------ The data ------

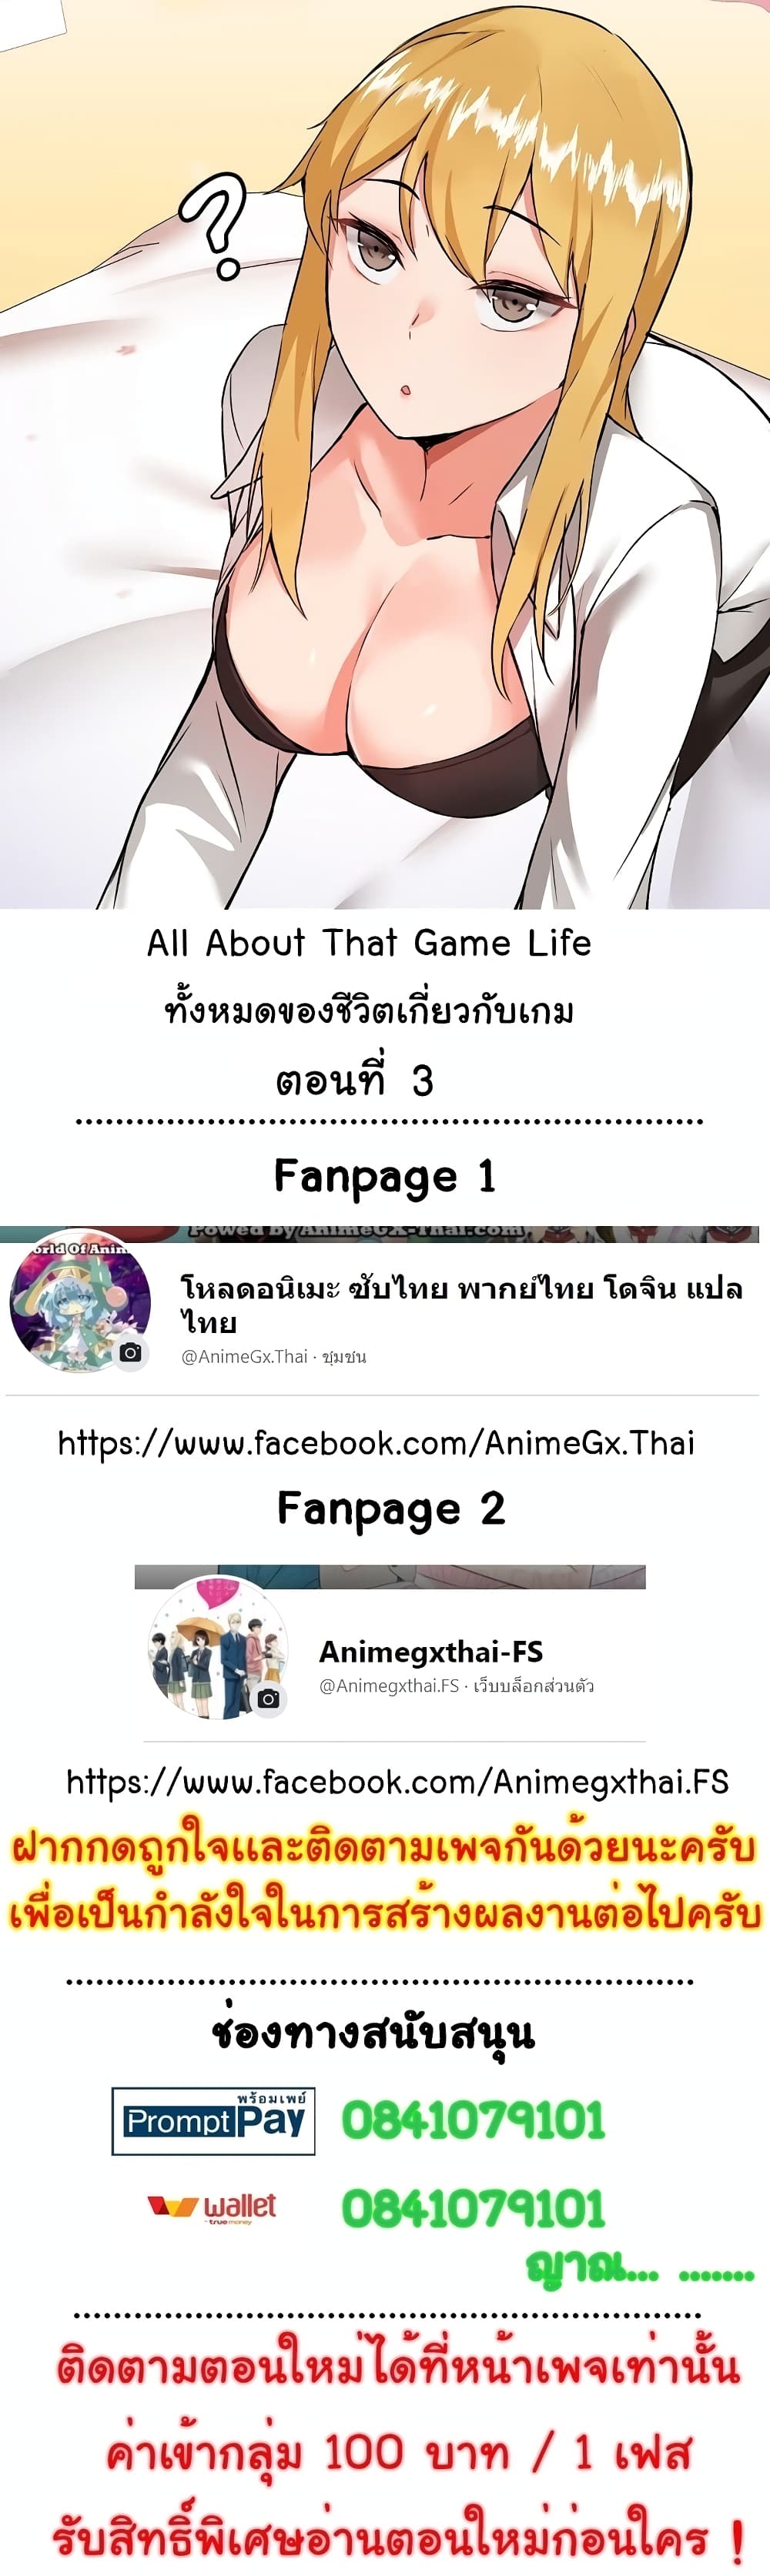 All About That Game Life3 (1)
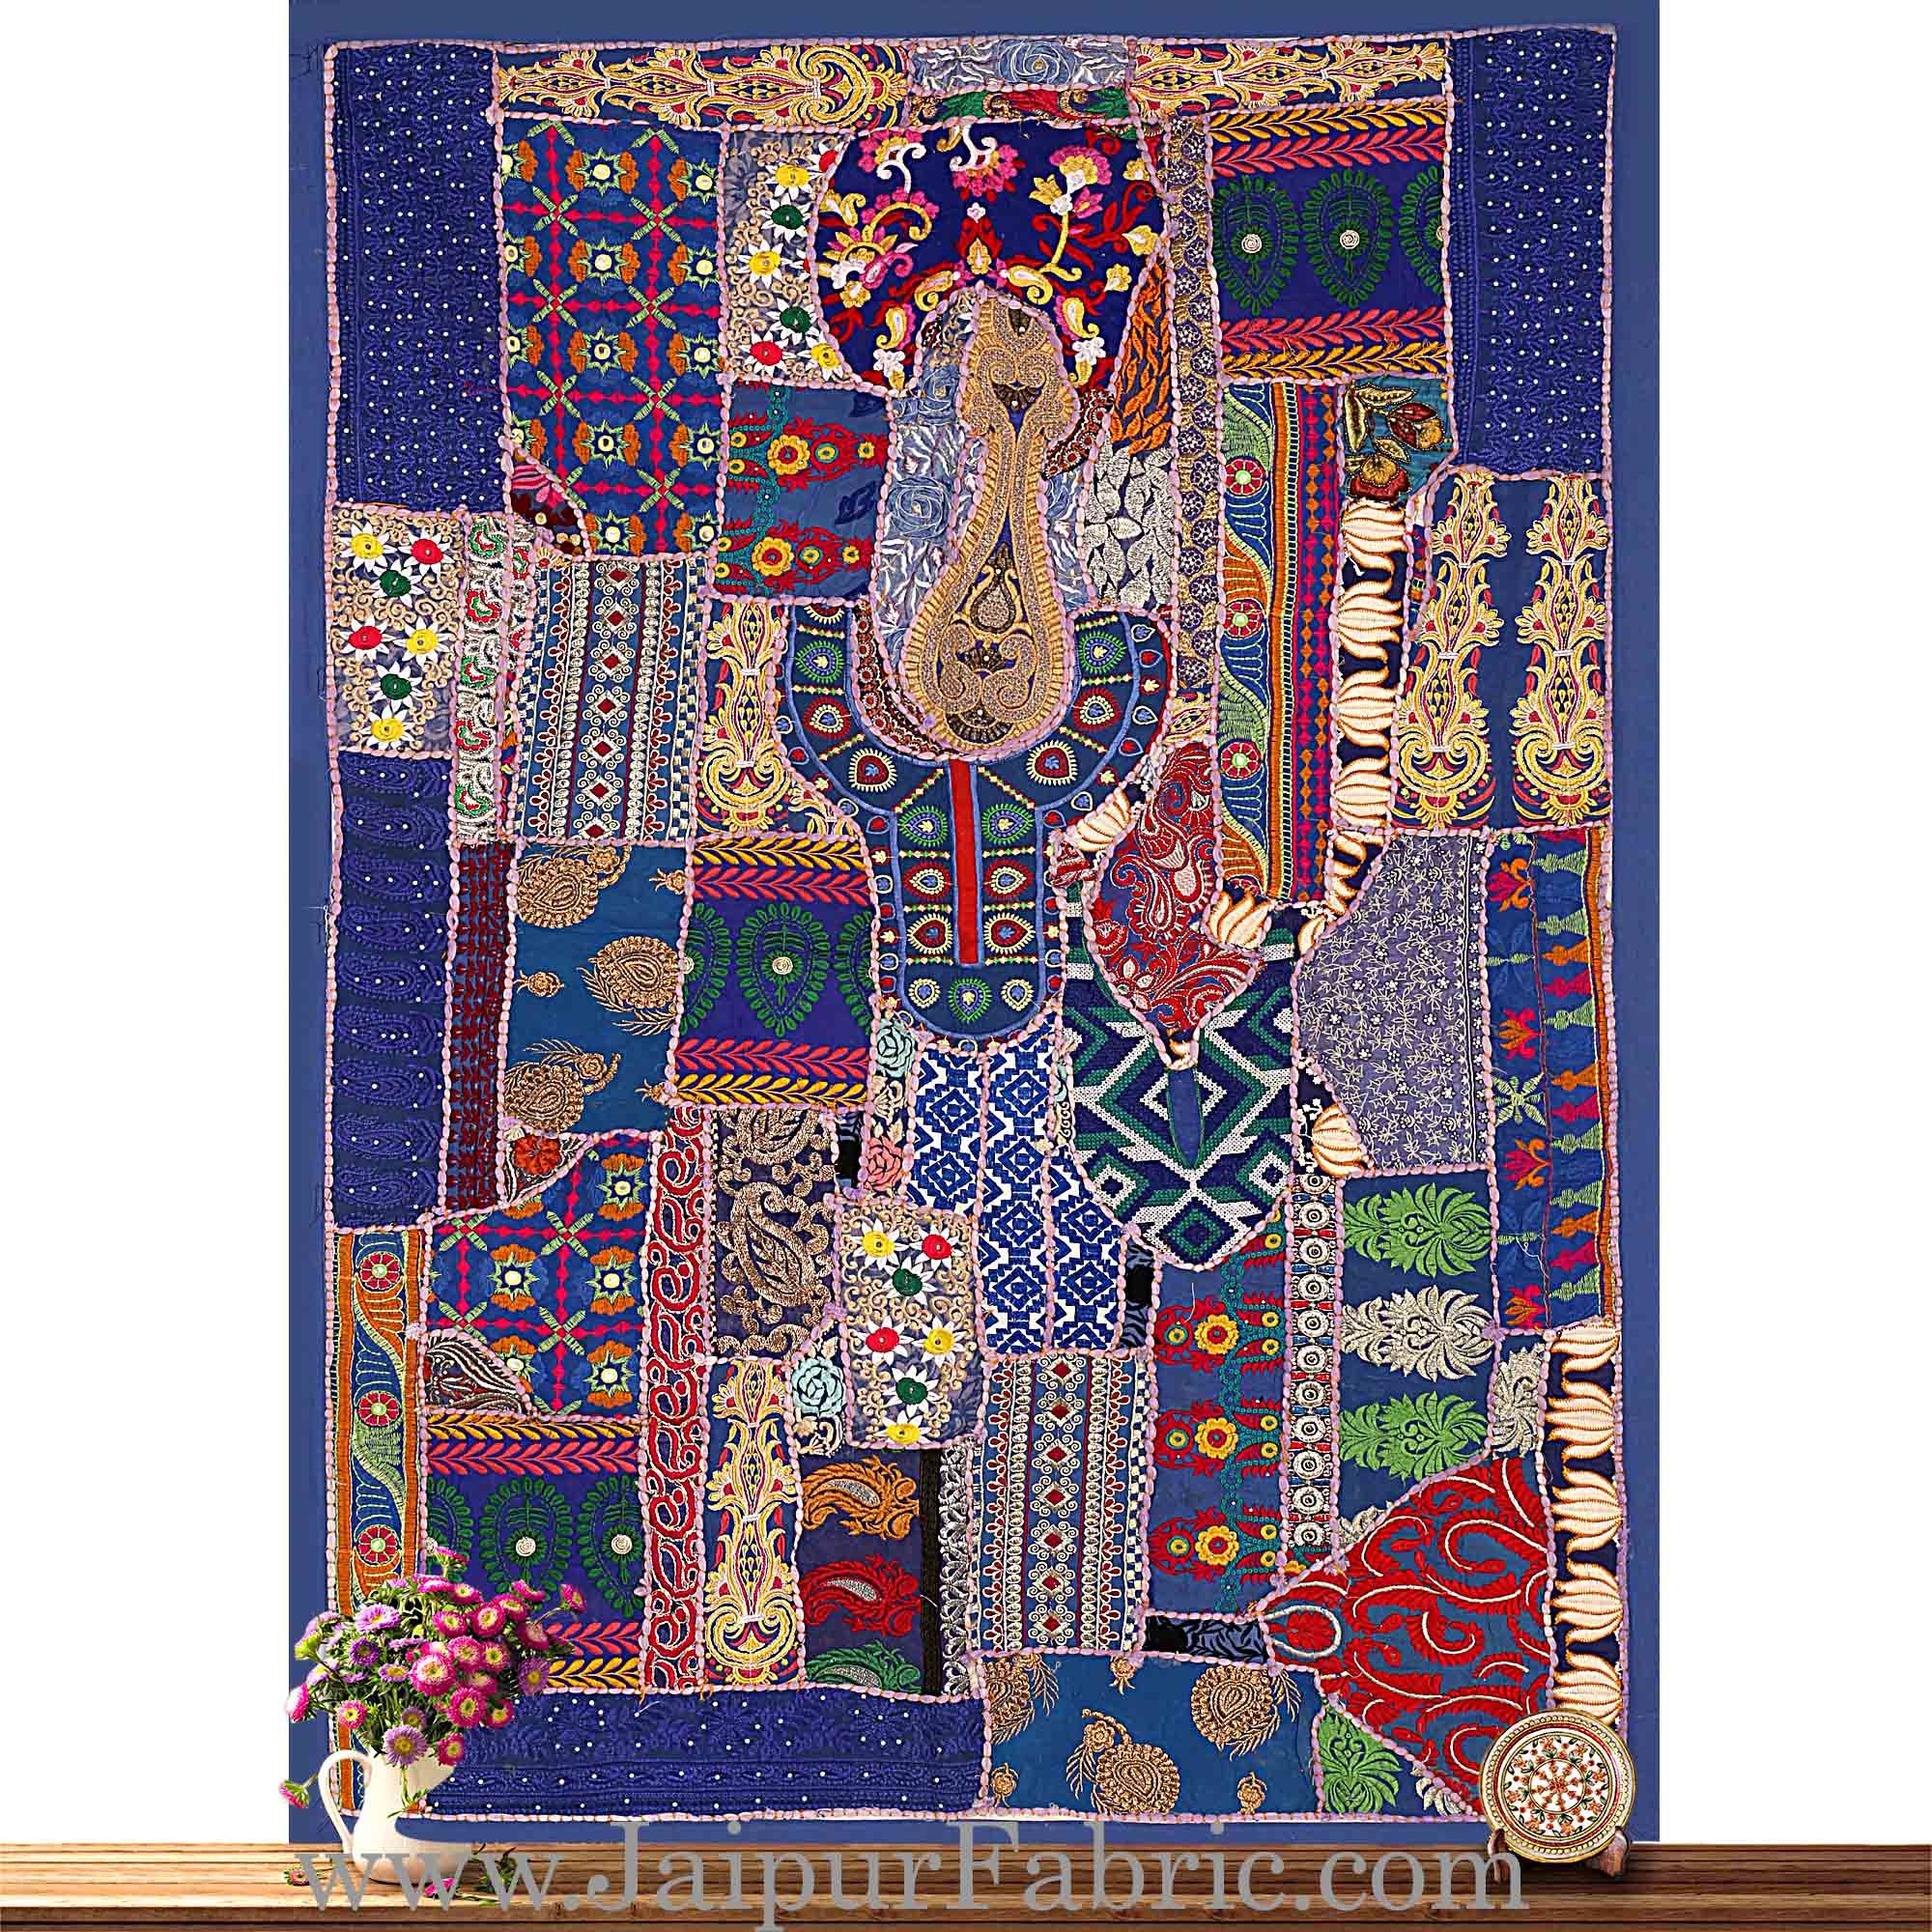 Wall Hanging Embroidered Patchwork With Applique work Multi Color Designs
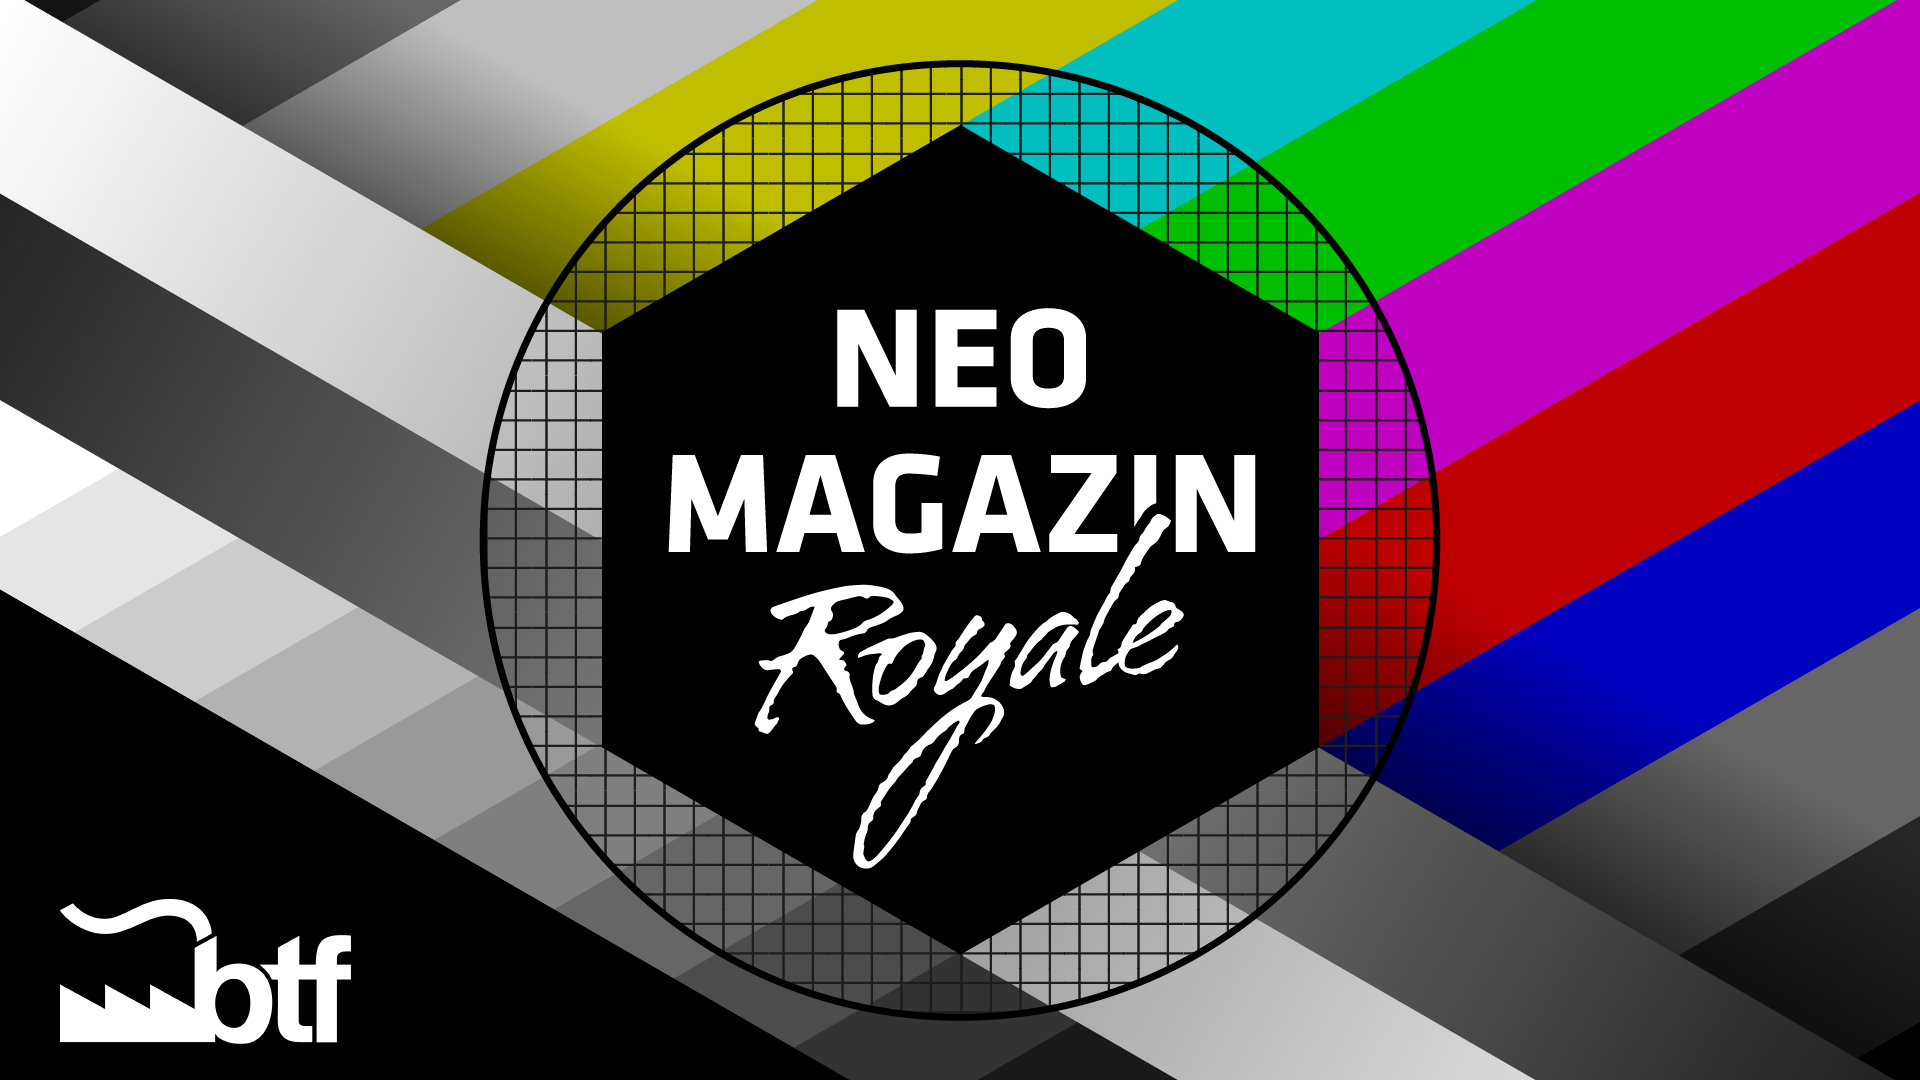 TV testimage with 'Neo Magazine Royale' logo in center

------

### About this task
Retype the listing above exactly. Pictures are not part of the copy.

### Answer to this exercise
 All About That Game Life3 (1)
 Wall Hanging Embroidered Patchwork With Applique work Multi Color Designs
 TV testimage with 'Neo Magazine Royale' logo in center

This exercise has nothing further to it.